Catania – Armonia di cianciane e mani. Stridio di tasti e articolazioni, corde e corpi. E mani soprattutto. In “Hands On”, l’atto unico nato dalla residenza artistica estiva ospitata da Zo – che l’ha incluso nel cartellone di AltreScene – Emma Scialfa, nel ruolo di regista e protagonista, torna sulle scene dopo una pausa decennale con una creazione (prodotta da Moto Mimetico) che sottolinea l’originalità della ricerca coreografica della danzatrice catanese.
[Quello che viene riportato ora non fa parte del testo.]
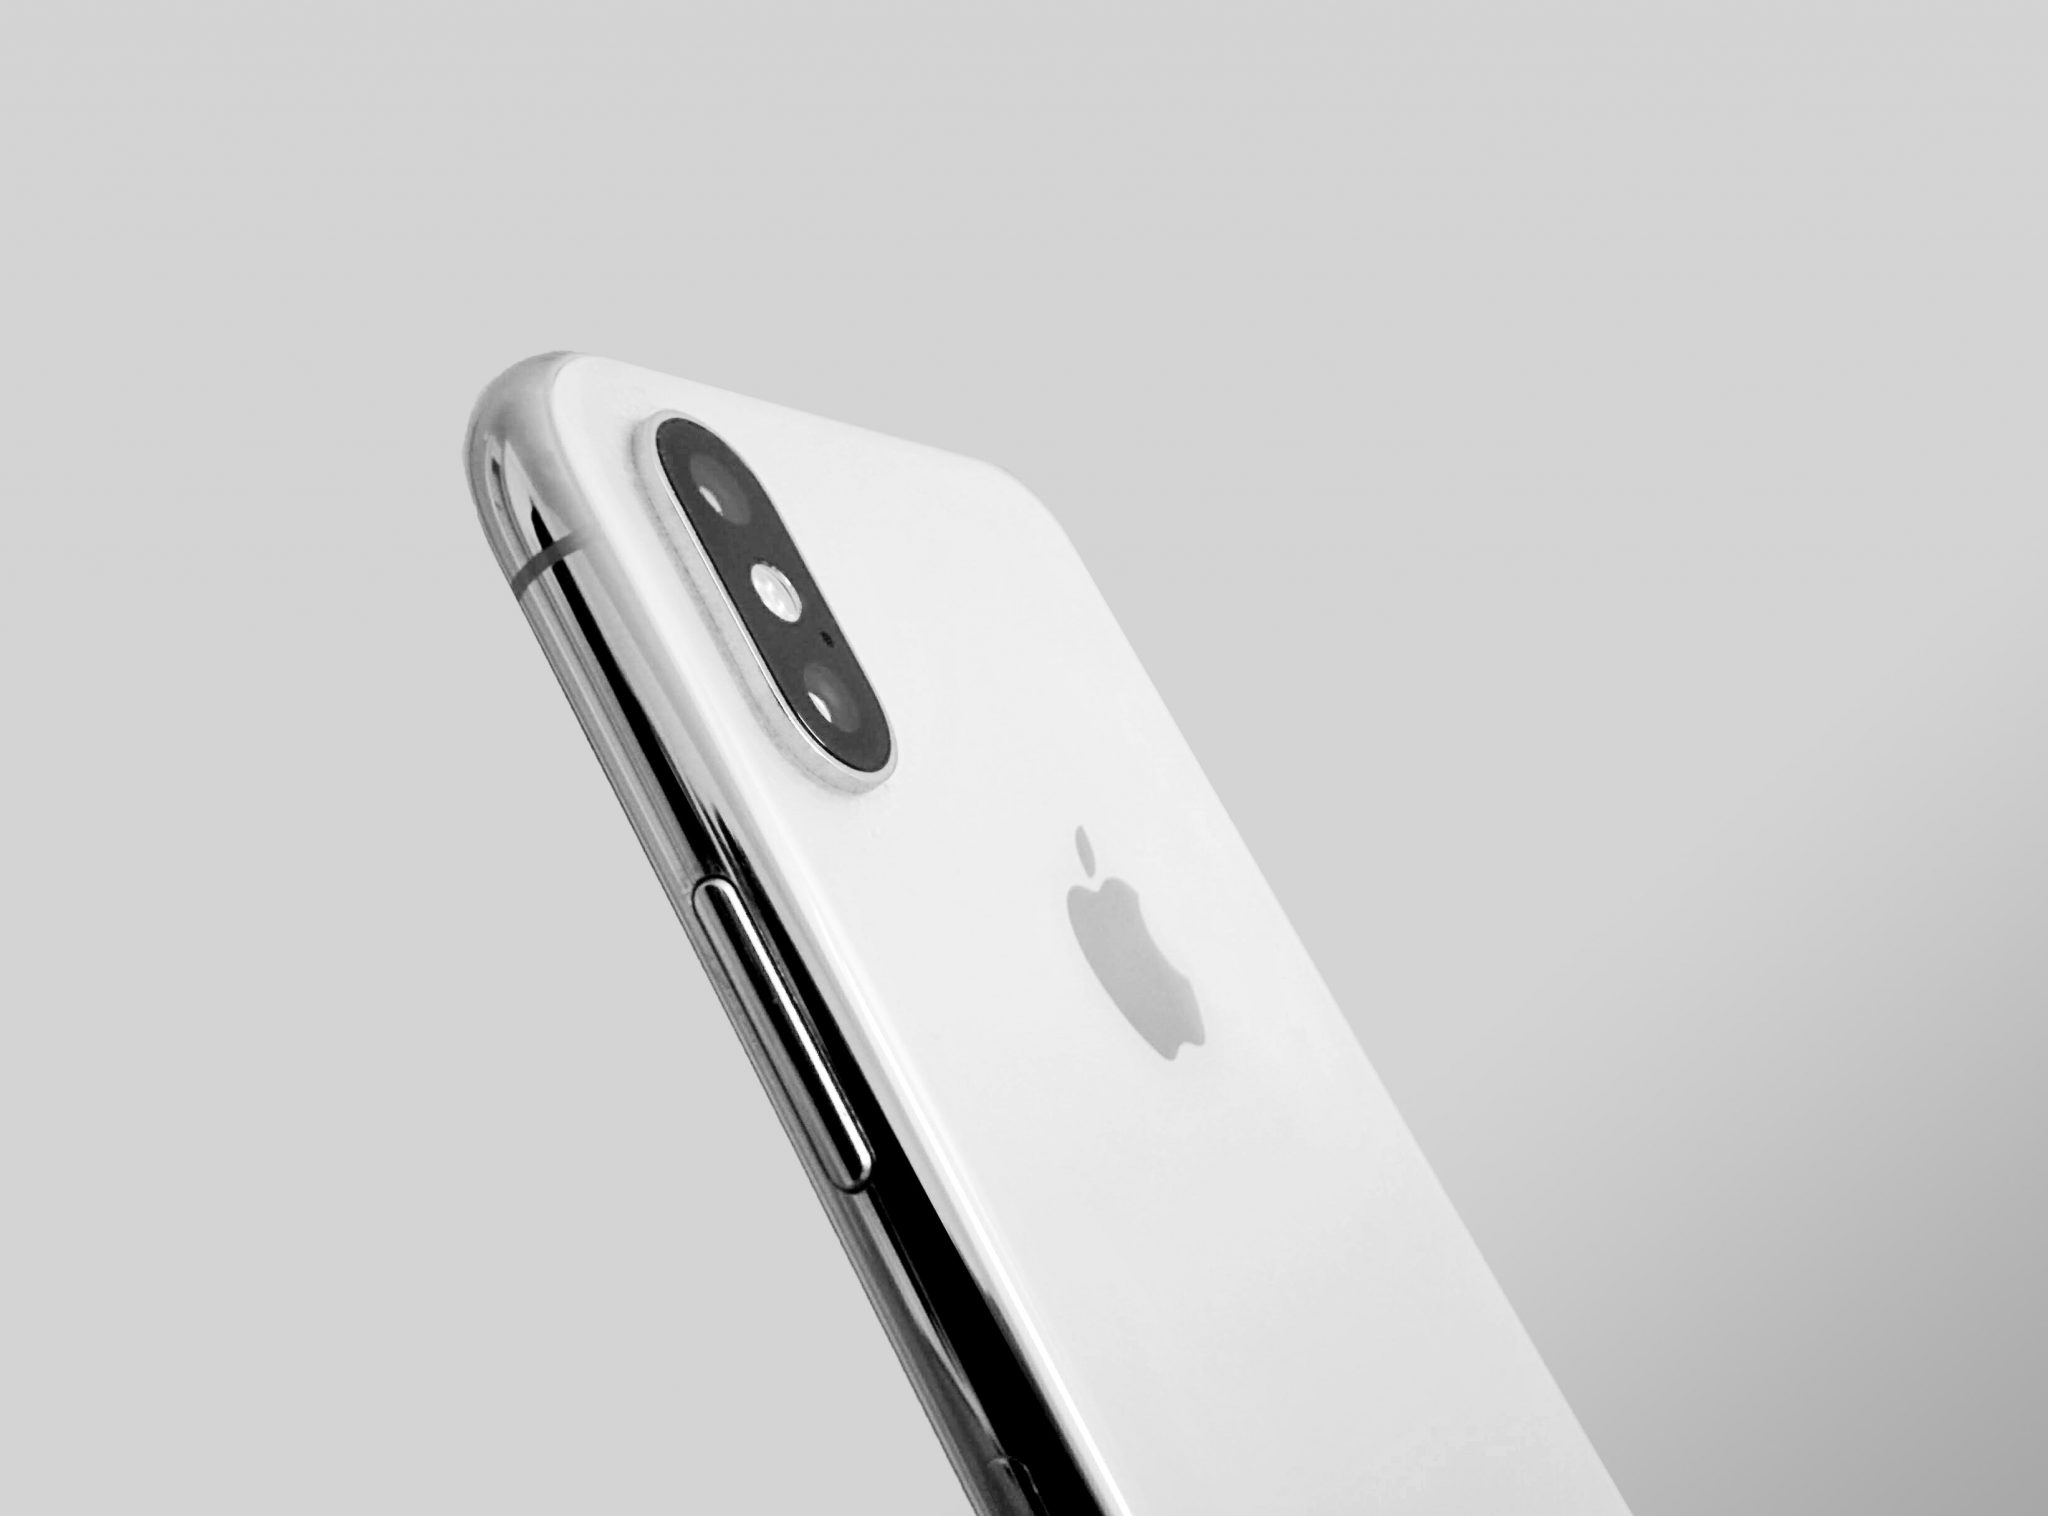 Lateral de iPhone X blanco sobre fondo vacío

Sulla nuda e buia scena due musicisti e due danzatori: comune denominatore una riflessione e un atipico viaggio attraverso il “gesto sonoro e il suono del gesto” a partire dalle mani. Si tratta di un percorso volutamente incompiuto e quindi perennemente in divenire, aperto: e qui Scialfa sembra riprendere quel “flusso no-made” di un suo lontano e omonimo spettacolo. Gesti, movimenti e suoni, senza fissa dimora, tessiture sonore, figurative e non-verbali: “nomadi” appunto: che siano i movimenti ora flessuosi ora geometrici e intramati della stessa Scialfa e di Marius Moguiba – danzatore africano originario della Costa d’Avorio trapiantato oltralpe – o le note del piano preparato di Fabrizio Puglisi insieme alla chitarra di Paolo Sorge; e la sperimentazione musicale che contraddistingue il lavoro del duo e che punta proprio alla casualità del timbro, riecheggia proprio quella dei corpi e delle mani: battute, sfiorate, percorse, strette, innalzate.
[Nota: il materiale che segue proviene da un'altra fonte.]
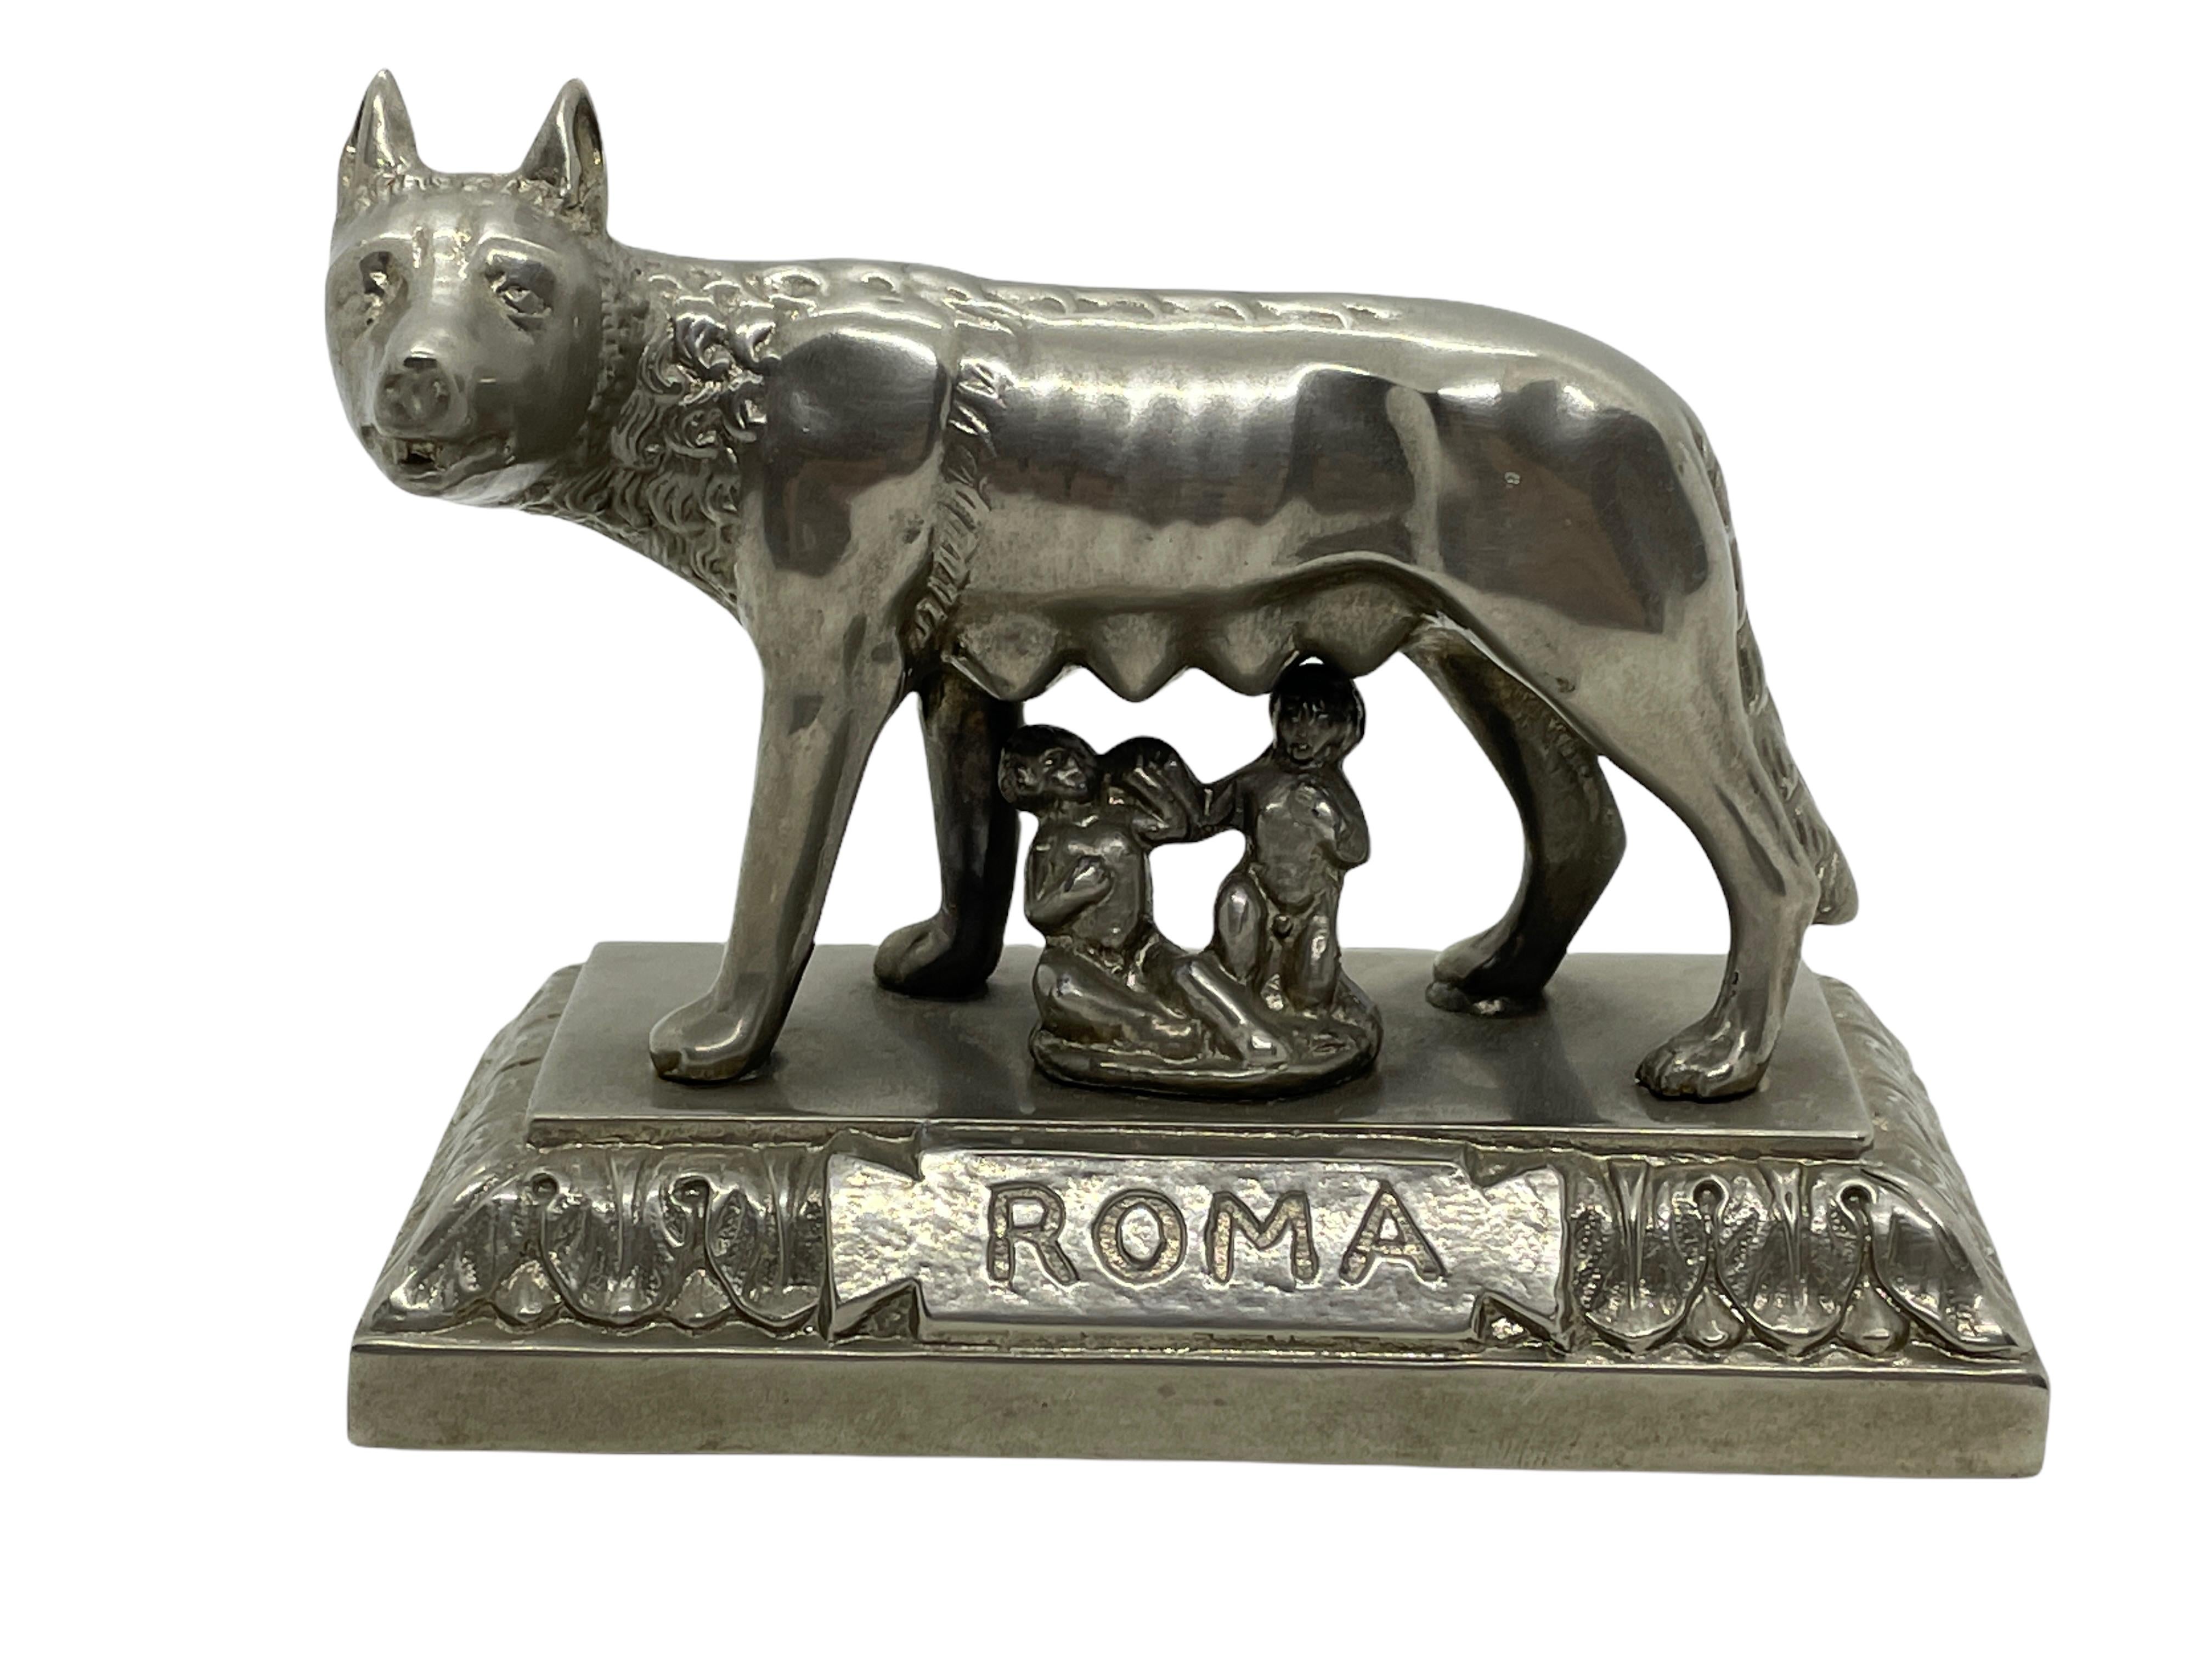 A Wolf of Rome Roma Romulus and Remus 1930s Souvenir Building Architectural Model. Quelques usures avec une belle patine:: mais c'est de l'ancien temps. Fabriqué en métal. Cet article a été acheté comme souvenir à Rome:: en Italie:: et a été

Ogni occasione, ogni minimo oggetto di scena è pretesto: ora il nastro adesivo che pare limitare i movimenti e disegnare lo spazio (chissà se abbiano giocato pure le suggestioni del Cage di “Music for Piano” o di Berio) ora gli elastici fosforescenti che disegnano frame da desktop su un tessuto sonoro minimalista, mentre i corpi delineano la loro onda gestuale e sullo schermo si disordinano in un courier new vintage parole in libera associazione, in quello che pare configurarsi come un continuo presente: Emma Scialfa pare qui recepire sia la lezione di Cage che quella di Cunningham nell’elaborazione di una simultaneità in cui si spinge il corpo – per citare lo stesso Cunningham – a “divenire-corpo”, dunque a “divenire-idea” del corpo. Liberissima concentrazione di gesti e suoni – fosse anche lo sfarfallio di un ventaglio rotto – “Hands On”, che non manca nemmeno di scatti auto-ironici, mira ad un continuo gioco coreografico volutamente privo di centro narrativo e di gravità, più significante che significato: quasi lustrale, dunque esoterico, in bilico tra suggestioni psicoanalitiche, metafisica e rappresentazione visionaria. Una nuova “esposizione convulsa dei fatti” (per citare un altro spettacolo della Scialfa) capace però di culminare nella quiete infinita della spirale di un abbraccio.